• Your goal
Take the lines from the one containing "What’s the difference" through the final line below and restate them exactly. Omit the pictures.
-- Data follows --
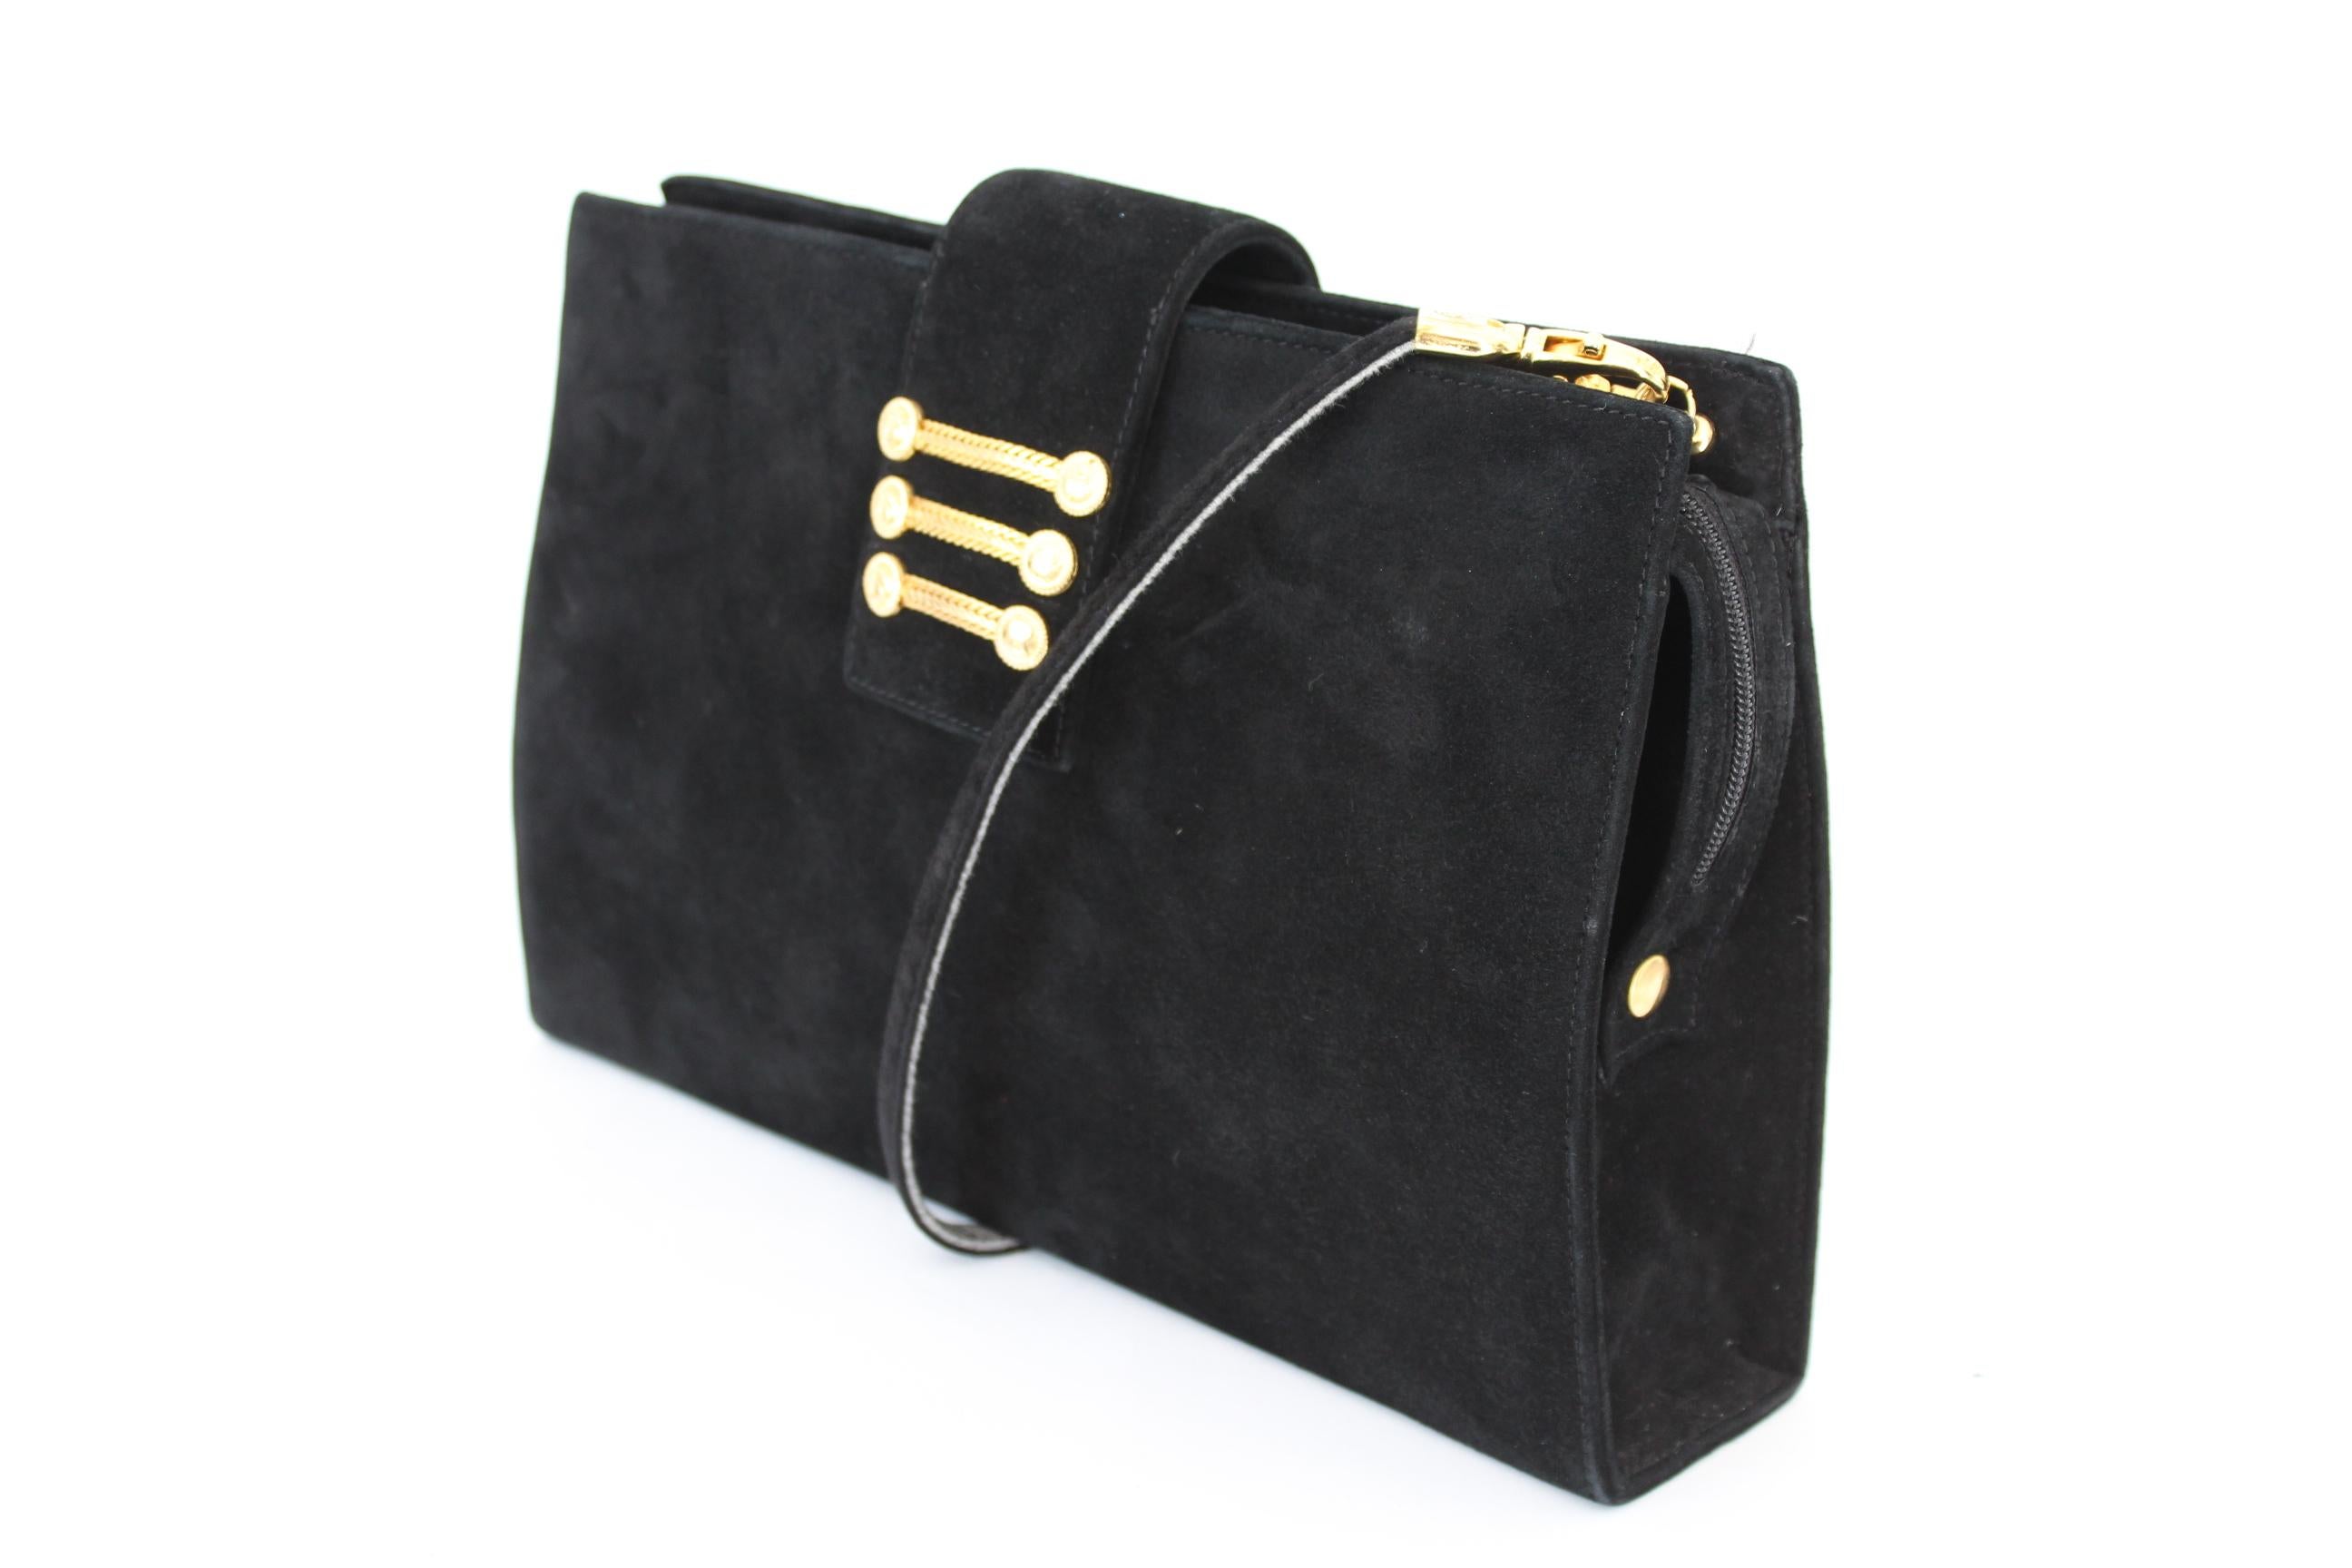 Sergio Rossi 80s vintage elegant bag. Square model rigid with shoulder strap, fabric in velvet, color black with details in color gold. Zip and button closure. Made in Italy. Excellent vintage conditions, the shoulder strap on the inside shows some
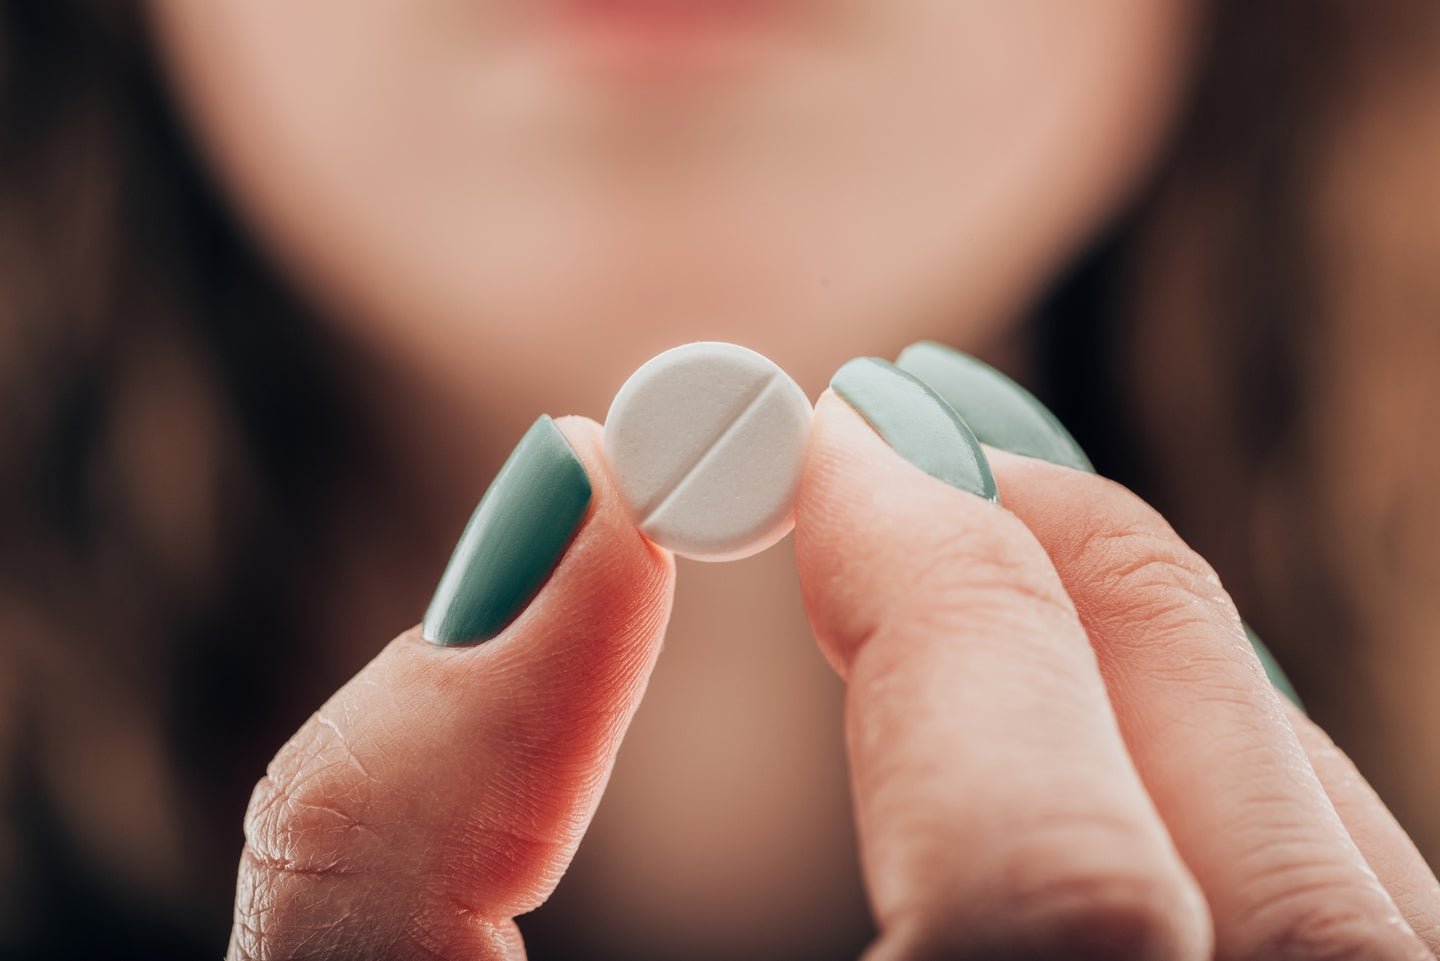 What’s the difference between morning-after pills and abortion medications?
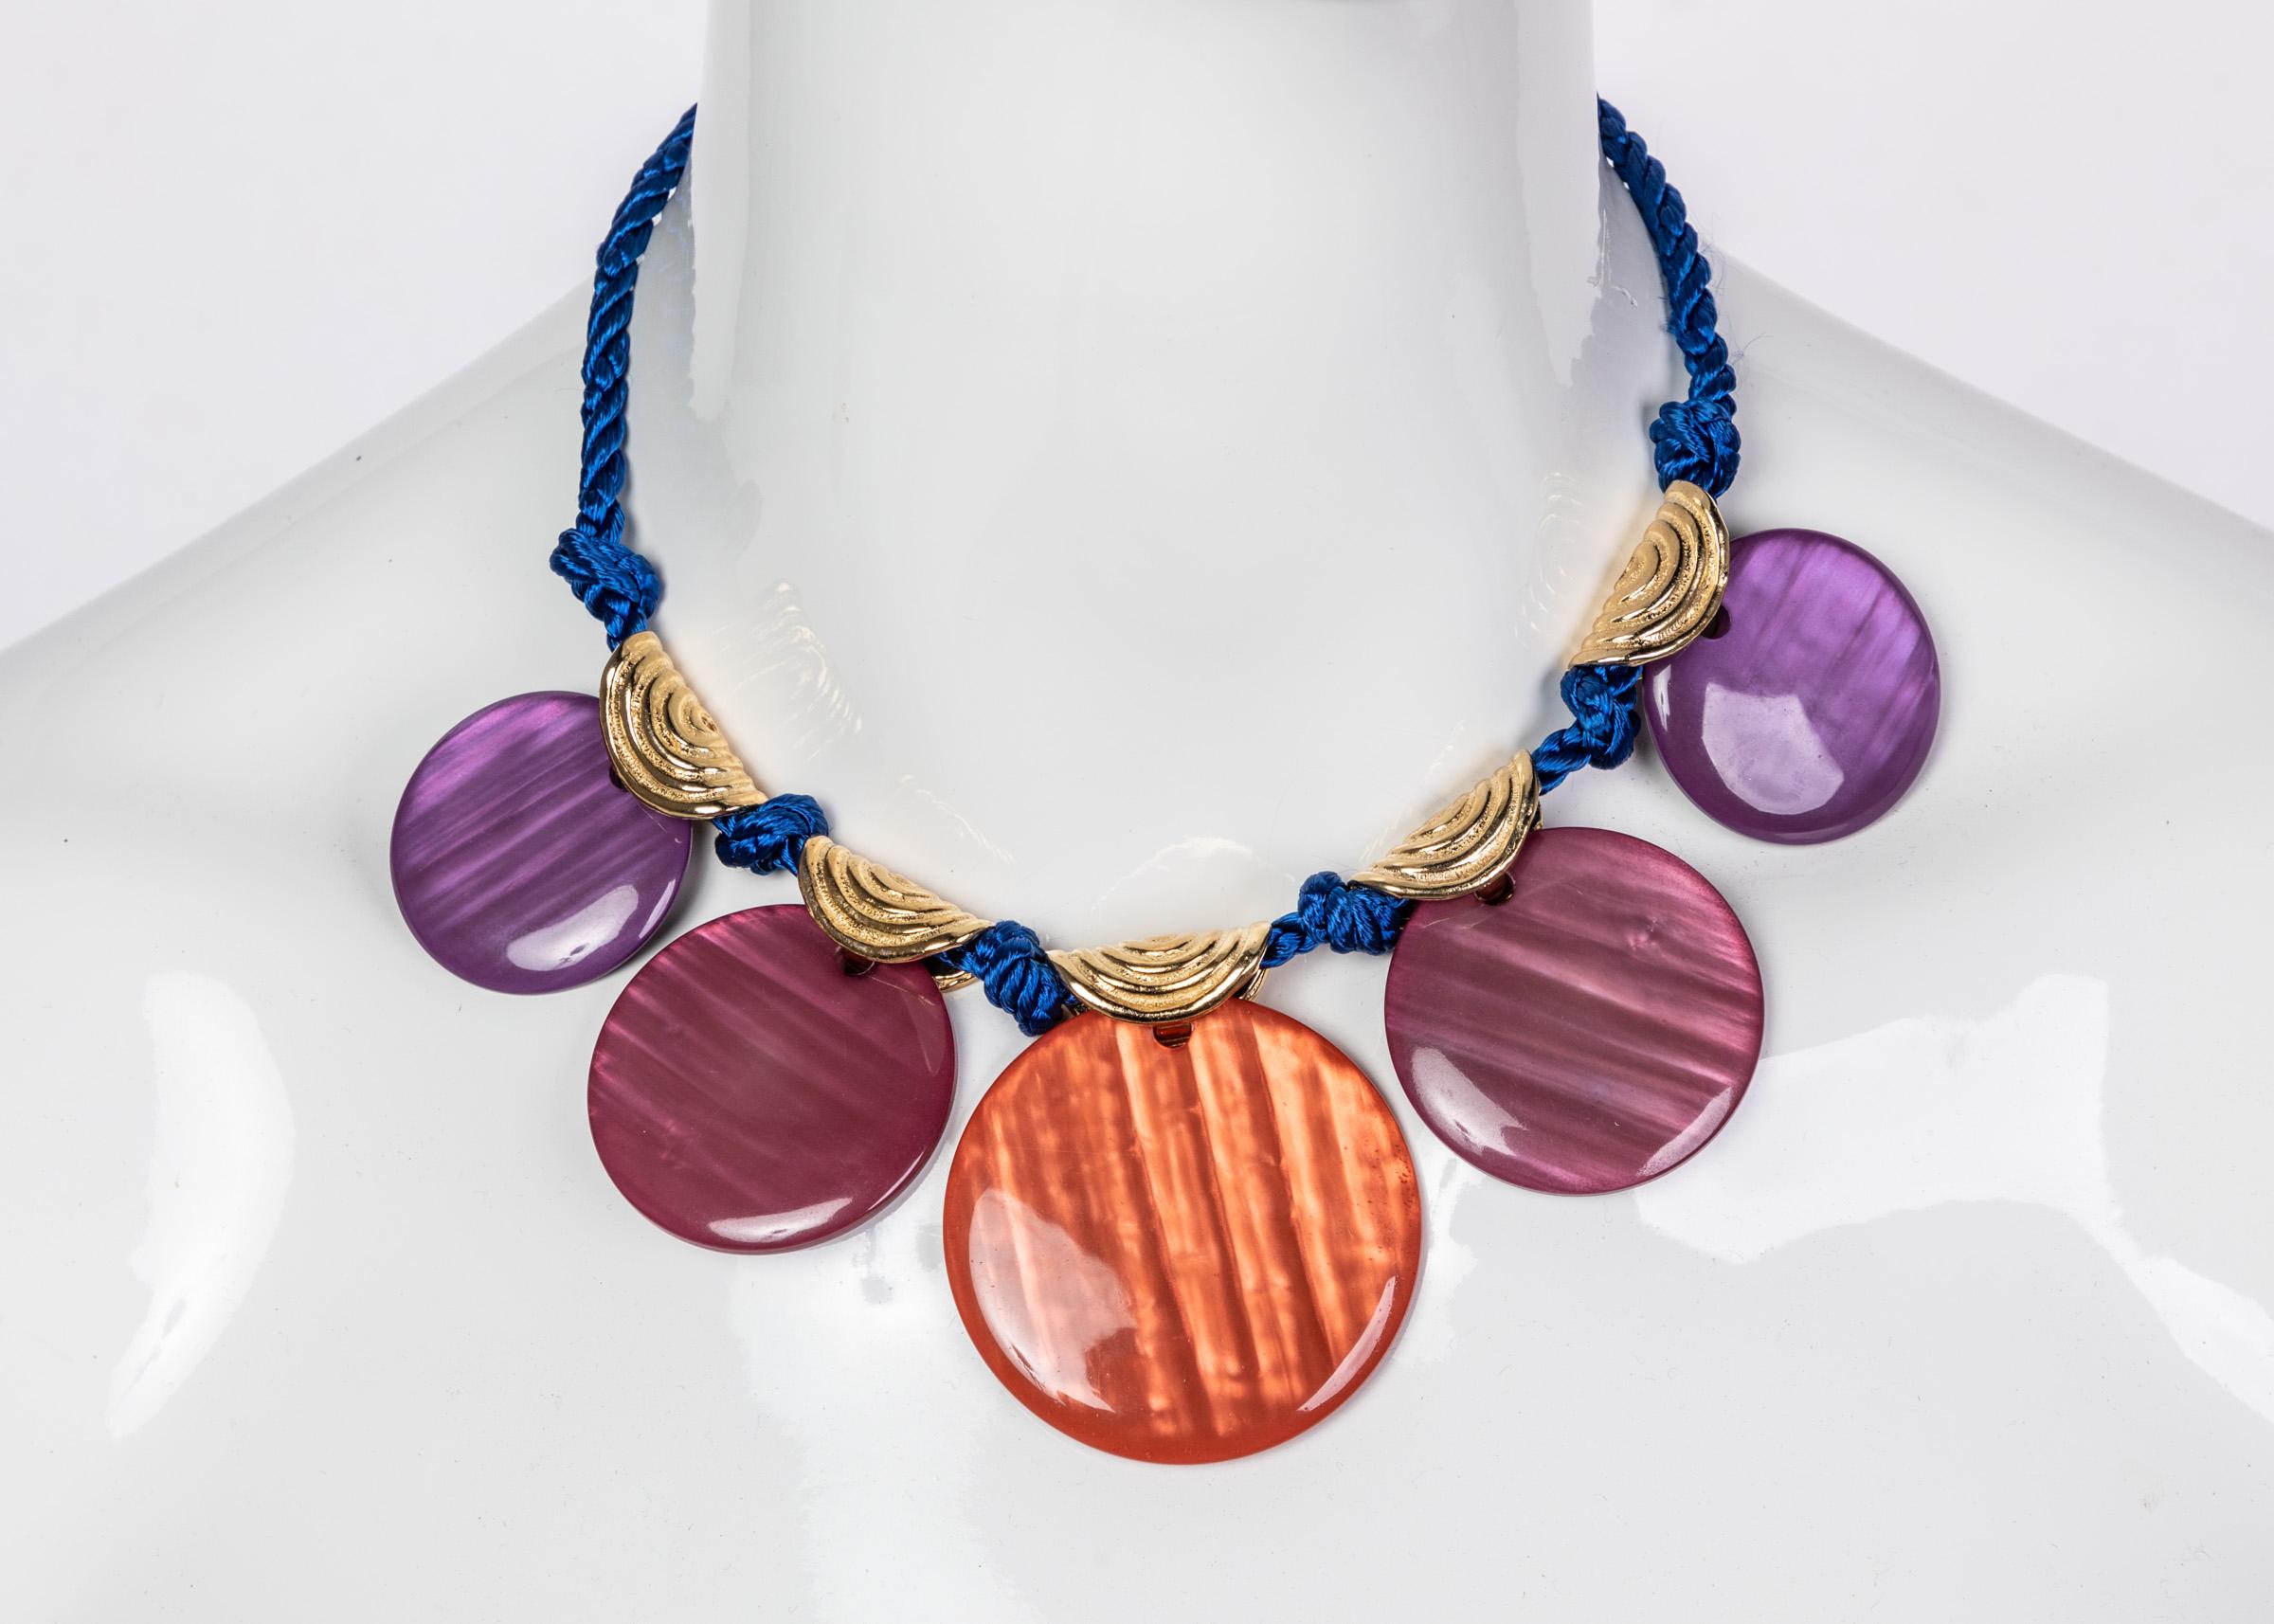 With any outfit, the accessories are half the battle. For all of his collections, YSL was sure to create accessories to elevate his ensembles for maximum impact. This necklace is designed from cool toned analogous colors. Five round pendants in
-- Data concluded --
• Answer box
 What’s the difference between morning-after pills and abortion medications?
 With any outfit, the accessories are half the battle. For all of his collections, YSL was sure to create accessories to elevate his ensembles for maximum impact. This necklace is designed from cool toned analogous colors. Five round pendants in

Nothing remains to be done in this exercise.